Good introduction to using rsync --link-dest
for backups
is available here (archived version),
and more advanced version (which detects folder renames) - here
(archived),
with a result script available here on github.
Basic script
So here is the most basic version:
#!/bin/bash
#remember: no slashes at the end of $DST!
SRC="/home /etc"
DST=/backup-local
TODAY="$DST/$(date +%Y-%m-%d_%H-%M-%S)"
LAST="$(ls -d $DST/*/ 2>/dev/null | tail -n 1)"
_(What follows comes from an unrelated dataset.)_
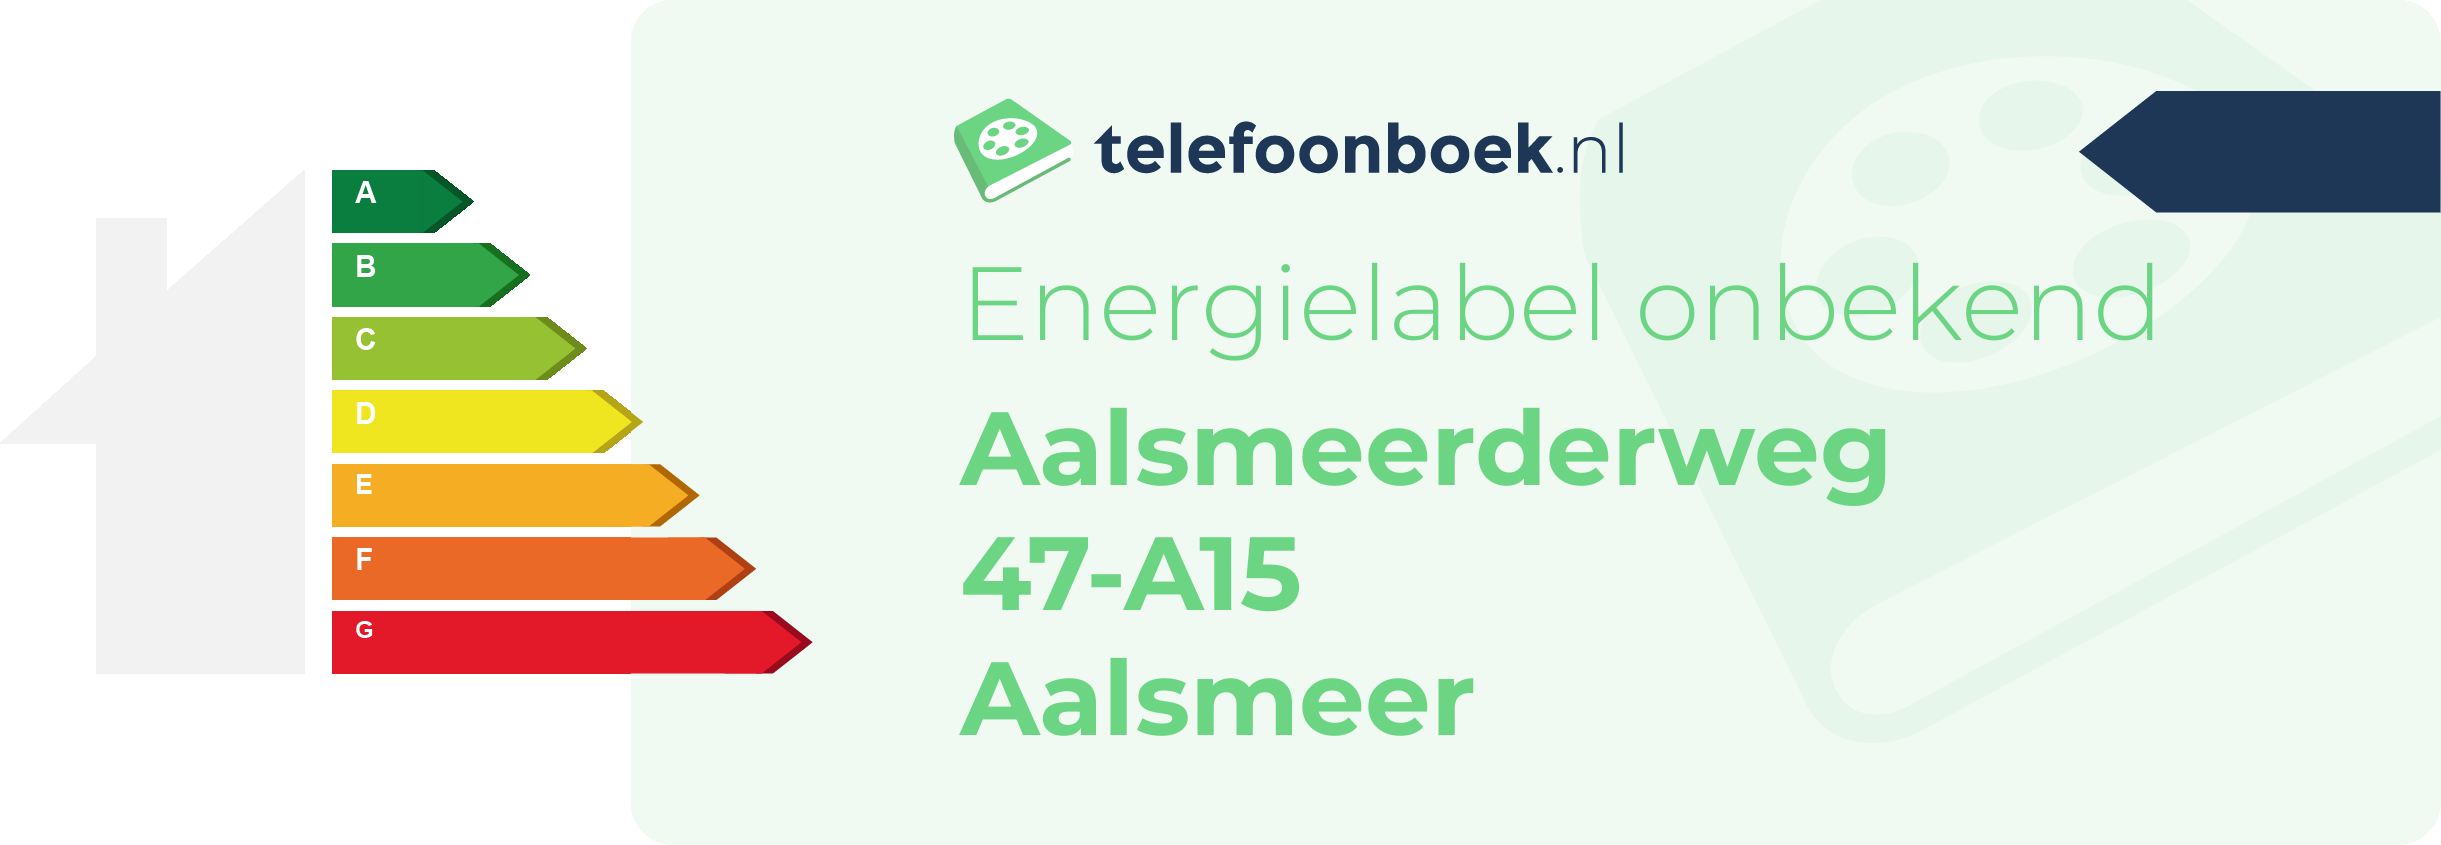 Energielabel Aalsmeerderweg 47-A15 Aalsmeer
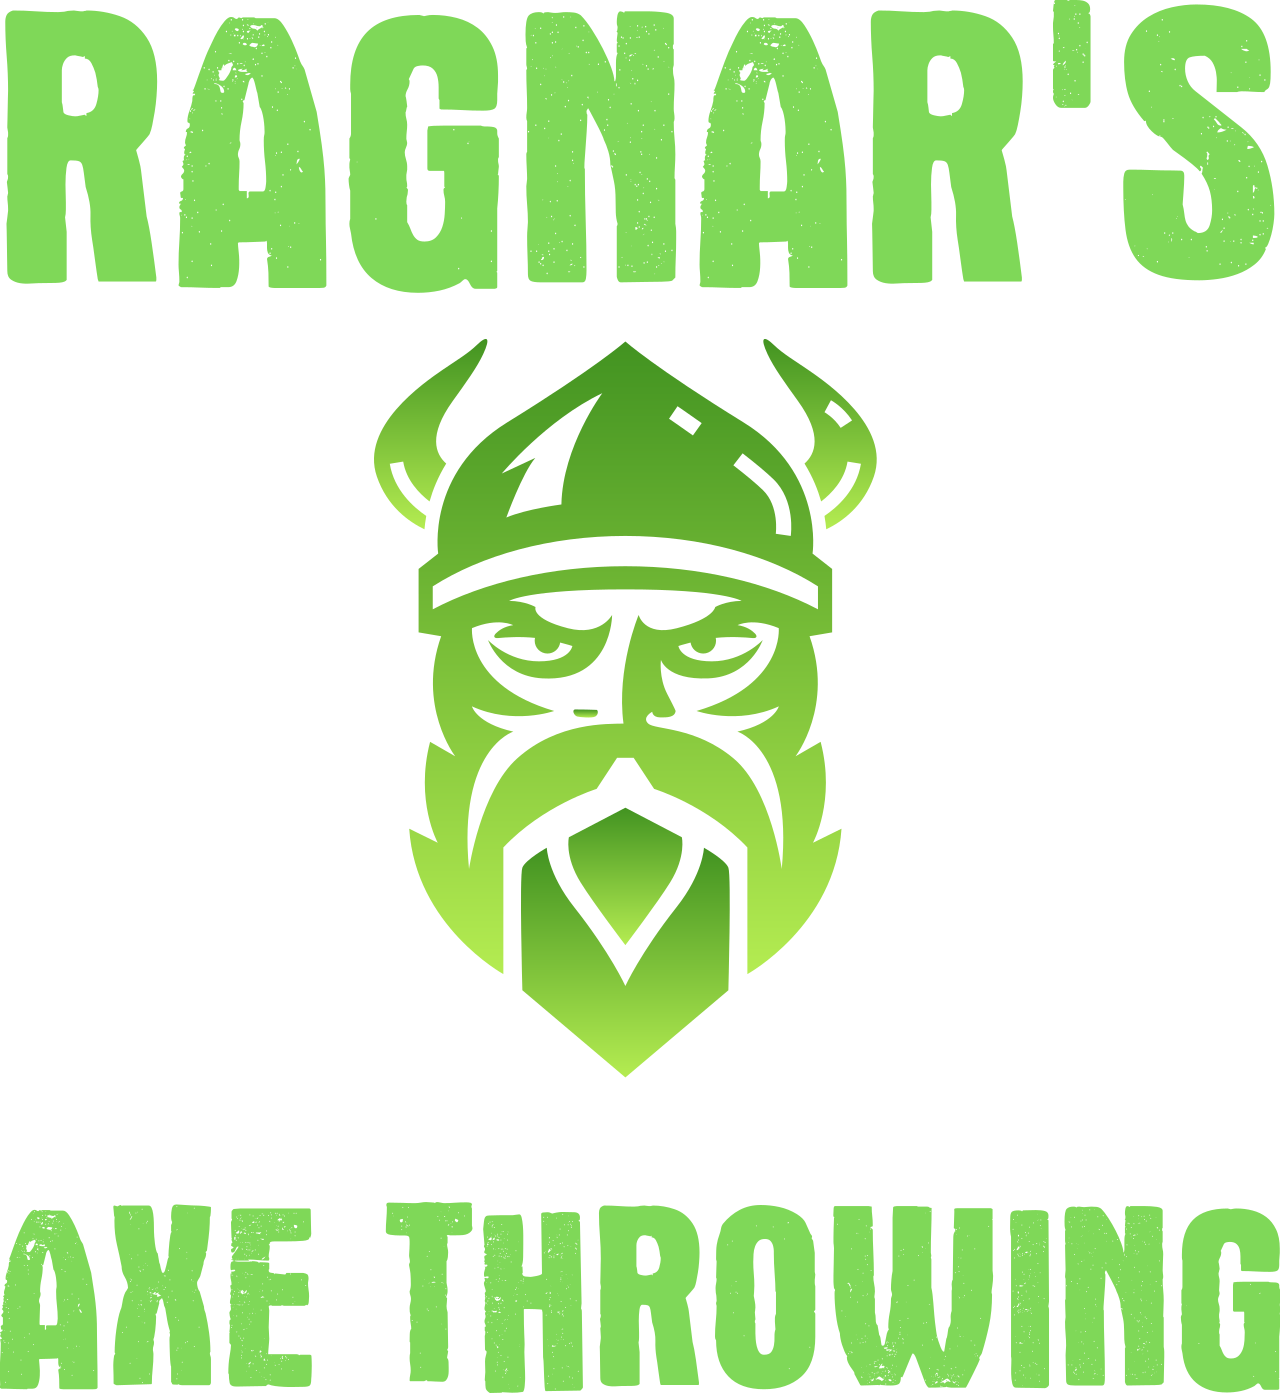 Ragnar's's logo

test -z "$LAST" && LAST="$(mktemp -d)"
#Main sync operation
rsync -a --hard-links --no-inc-recursive --human-readable --stats --verbose --link-dest="$LAST" $SRC "$TODAY"
It has four options:
Where to copy from and to. Note that you can select several folders as source.
Format for folder name (
TODAY
). Currently it's something like2015-12-31_23-59-59
.Folder with last backup (
LAST
). It's found automatically and a temporary empty folder is created for the first run to avoid issues.
And then it runs rsync.
Pretty easy, huh?
Note that I didn't put $SRC
in quotes because I really want it to be
expanded to two arguments if it has space (say, "/home /etc"
), and I did quote "$DST"
because I want it to be one argument even if it has spaces.
Check if there is something to do
Let's avoid creating folders if no files were changed.
To do it, we first run rsync in --dry-run
mode,
and check if it transfers any files.
Also, let's move most-used rsync commands to a separate variable. Relevant part of script looks like this now:
DRY_RUN_OUTPUT="/tmp/dry-run"
RSYNC="rsync -a --hard-links --no-inc-recursive"
#Check if there is something to do
$RSYNC --dry-run --stats $SRC $LAST >$DRY_RUN_OUTPUT
grep -q 'Number of regular files transferred: 0' $DRY_RUN_OUTPUT && exit 0
#Main sync operation
$RSYNC --human-readable --stats --verbose --link-dest="$LAST" $SRC "$TODAY"
Excluding files
Probably you want to exclude some files from backup (say, private SSH keys, cache, trash, etc). To do this, just create an exclude file with content like this:
*backup*
*cache*
*Cache*
home/*/.local/share/Trash*
home/*/.ssh/id_rsa
and reference it in the RSYNC
variable like this:
RSYNC="rsync -a --hard-links --no-inc-recursive --exclude-from=/backup-local/.exclude"
Error checking
Checking for errors is good.
Instead of writing directly to $TODAY
folder,
let's create a temporary $TODAY.wip
folder,
and rename it to $TODAY
only if main rsync run finished successfully.
We also need LAST
variable to ignore such wip
folders:
LAST="$(ls -d $DST/*/ 2>/dev/null | grep -v wip | tail -n 1)"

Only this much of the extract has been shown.